What to produce —
Begin with the line where "From Pulitzer Prize" appears. Set down that line and the rest of the records below it exactly as given.

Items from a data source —

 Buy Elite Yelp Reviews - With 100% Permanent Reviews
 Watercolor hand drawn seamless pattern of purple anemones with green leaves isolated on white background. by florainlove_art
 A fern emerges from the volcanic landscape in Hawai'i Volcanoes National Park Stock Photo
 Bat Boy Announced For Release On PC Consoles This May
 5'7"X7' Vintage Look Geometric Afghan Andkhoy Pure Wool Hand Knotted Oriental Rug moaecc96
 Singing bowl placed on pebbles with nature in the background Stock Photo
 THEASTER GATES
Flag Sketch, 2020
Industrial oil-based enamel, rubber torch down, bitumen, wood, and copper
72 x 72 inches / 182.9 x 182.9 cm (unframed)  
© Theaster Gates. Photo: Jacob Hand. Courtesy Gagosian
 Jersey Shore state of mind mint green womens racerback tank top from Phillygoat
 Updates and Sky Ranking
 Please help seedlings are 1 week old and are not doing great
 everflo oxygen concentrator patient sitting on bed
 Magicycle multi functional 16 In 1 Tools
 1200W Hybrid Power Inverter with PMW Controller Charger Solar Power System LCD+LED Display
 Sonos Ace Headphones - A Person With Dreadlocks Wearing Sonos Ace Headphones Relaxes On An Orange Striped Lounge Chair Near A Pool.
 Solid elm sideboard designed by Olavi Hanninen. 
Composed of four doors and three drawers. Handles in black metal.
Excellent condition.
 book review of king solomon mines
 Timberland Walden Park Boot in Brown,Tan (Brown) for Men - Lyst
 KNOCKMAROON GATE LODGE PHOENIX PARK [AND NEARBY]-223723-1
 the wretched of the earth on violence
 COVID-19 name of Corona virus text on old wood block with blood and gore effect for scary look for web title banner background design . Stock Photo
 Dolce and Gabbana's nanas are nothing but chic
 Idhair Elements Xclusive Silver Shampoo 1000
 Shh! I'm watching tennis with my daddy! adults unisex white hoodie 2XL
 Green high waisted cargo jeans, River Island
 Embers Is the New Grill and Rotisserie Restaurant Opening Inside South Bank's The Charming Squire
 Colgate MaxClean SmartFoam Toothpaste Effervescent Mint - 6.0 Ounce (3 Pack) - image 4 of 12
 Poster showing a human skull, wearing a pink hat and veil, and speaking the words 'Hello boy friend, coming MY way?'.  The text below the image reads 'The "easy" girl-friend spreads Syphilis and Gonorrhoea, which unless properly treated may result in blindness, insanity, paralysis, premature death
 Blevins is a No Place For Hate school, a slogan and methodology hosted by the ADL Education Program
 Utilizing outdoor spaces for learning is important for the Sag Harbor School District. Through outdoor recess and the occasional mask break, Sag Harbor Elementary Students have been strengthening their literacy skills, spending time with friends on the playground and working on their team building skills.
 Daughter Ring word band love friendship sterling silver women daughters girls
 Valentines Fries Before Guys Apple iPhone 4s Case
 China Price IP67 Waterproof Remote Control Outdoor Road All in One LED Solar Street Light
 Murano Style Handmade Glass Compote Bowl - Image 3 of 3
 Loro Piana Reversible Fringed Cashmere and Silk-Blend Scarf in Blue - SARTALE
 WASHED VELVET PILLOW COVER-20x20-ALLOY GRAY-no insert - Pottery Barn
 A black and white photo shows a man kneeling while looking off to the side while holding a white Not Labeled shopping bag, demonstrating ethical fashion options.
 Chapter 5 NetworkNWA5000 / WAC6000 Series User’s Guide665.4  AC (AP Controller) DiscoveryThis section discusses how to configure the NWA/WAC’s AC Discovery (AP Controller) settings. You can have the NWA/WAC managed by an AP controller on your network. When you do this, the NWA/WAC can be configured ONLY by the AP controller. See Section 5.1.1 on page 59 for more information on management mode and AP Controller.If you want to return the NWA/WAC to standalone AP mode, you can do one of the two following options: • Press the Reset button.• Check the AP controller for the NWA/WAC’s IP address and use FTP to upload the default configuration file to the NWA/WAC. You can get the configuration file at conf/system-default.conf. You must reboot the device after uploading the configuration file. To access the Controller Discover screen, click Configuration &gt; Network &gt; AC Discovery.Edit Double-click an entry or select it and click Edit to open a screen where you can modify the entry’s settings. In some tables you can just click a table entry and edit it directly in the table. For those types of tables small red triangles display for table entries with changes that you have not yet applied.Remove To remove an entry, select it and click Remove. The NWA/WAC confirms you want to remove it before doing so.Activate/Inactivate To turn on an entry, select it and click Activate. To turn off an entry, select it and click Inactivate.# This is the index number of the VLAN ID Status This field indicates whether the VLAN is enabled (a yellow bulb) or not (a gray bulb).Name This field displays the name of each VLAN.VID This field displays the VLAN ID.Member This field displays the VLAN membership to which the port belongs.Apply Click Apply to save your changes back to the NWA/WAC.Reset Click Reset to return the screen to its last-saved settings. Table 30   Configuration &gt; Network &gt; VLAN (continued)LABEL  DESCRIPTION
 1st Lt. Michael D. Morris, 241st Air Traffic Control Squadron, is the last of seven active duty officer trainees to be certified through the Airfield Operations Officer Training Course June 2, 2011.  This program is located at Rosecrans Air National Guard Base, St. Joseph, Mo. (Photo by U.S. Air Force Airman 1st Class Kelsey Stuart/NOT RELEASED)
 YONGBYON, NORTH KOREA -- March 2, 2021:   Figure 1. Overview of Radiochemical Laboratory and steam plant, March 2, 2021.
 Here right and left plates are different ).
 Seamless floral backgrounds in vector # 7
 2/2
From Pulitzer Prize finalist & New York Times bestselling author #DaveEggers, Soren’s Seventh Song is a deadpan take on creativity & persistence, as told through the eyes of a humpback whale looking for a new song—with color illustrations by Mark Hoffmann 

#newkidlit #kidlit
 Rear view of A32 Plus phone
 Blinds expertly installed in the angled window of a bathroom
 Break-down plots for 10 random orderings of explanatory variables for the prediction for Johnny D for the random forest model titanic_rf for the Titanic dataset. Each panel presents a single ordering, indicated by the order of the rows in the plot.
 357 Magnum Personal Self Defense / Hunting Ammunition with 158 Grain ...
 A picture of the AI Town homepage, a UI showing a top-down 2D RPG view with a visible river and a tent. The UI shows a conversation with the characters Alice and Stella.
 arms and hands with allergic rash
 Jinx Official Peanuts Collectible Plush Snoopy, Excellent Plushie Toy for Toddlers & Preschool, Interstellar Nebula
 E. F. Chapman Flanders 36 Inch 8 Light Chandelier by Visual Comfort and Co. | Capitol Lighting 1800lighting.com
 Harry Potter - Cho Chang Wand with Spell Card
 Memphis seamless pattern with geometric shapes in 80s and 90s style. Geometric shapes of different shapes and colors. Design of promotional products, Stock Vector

Answer section —
From Pulitzer Prize finalist & New York Times bestselling author #DaveEggers, Soren’s Seventh Song is a deadpan take on creativity & persistence, as told through the eyes of a humpback whale looking for a new song—with color illustrations by Mark Hoffmann 

#newkidlit #kidlit
 Rear view of A32 Plus phone
 Blinds expertly installed in the angled window of a bathroom
 Break-down plots for 10 random orderings of explanatory variables for the prediction for Johnny D for the random forest model titanic_rf for the Titanic dataset. Each panel presents a single ordering, indicated by the order of the rows in the plot.
 357 Magnum Personal Self Defense / Hunting Ammunition with 158 Grain ...
 A picture of the AI Town homepage, a UI showing a top-down 2D RPG view with a visible river and a tent. The UI shows a conversation with the characters Alice and Stella.
 arms and hands with allergic rash
 Jinx Official Peanuts Collectible Plush Snoopy, Excellent Plushie Toy for Toddlers & Preschool, Interstellar Nebula
 E. F. Chapman Flanders 36 Inch 8 Light Chandelier by Visual Comfort and Co. | Capitol Lighting 1800lighting.com
 Harry Potter - Cho Chang Wand with Spell Card
 Memphis seamless pattern with geometric shapes in 80s and 90s style. Geometric shapes of different shapes and colors. Design of promotional products, Stock Vector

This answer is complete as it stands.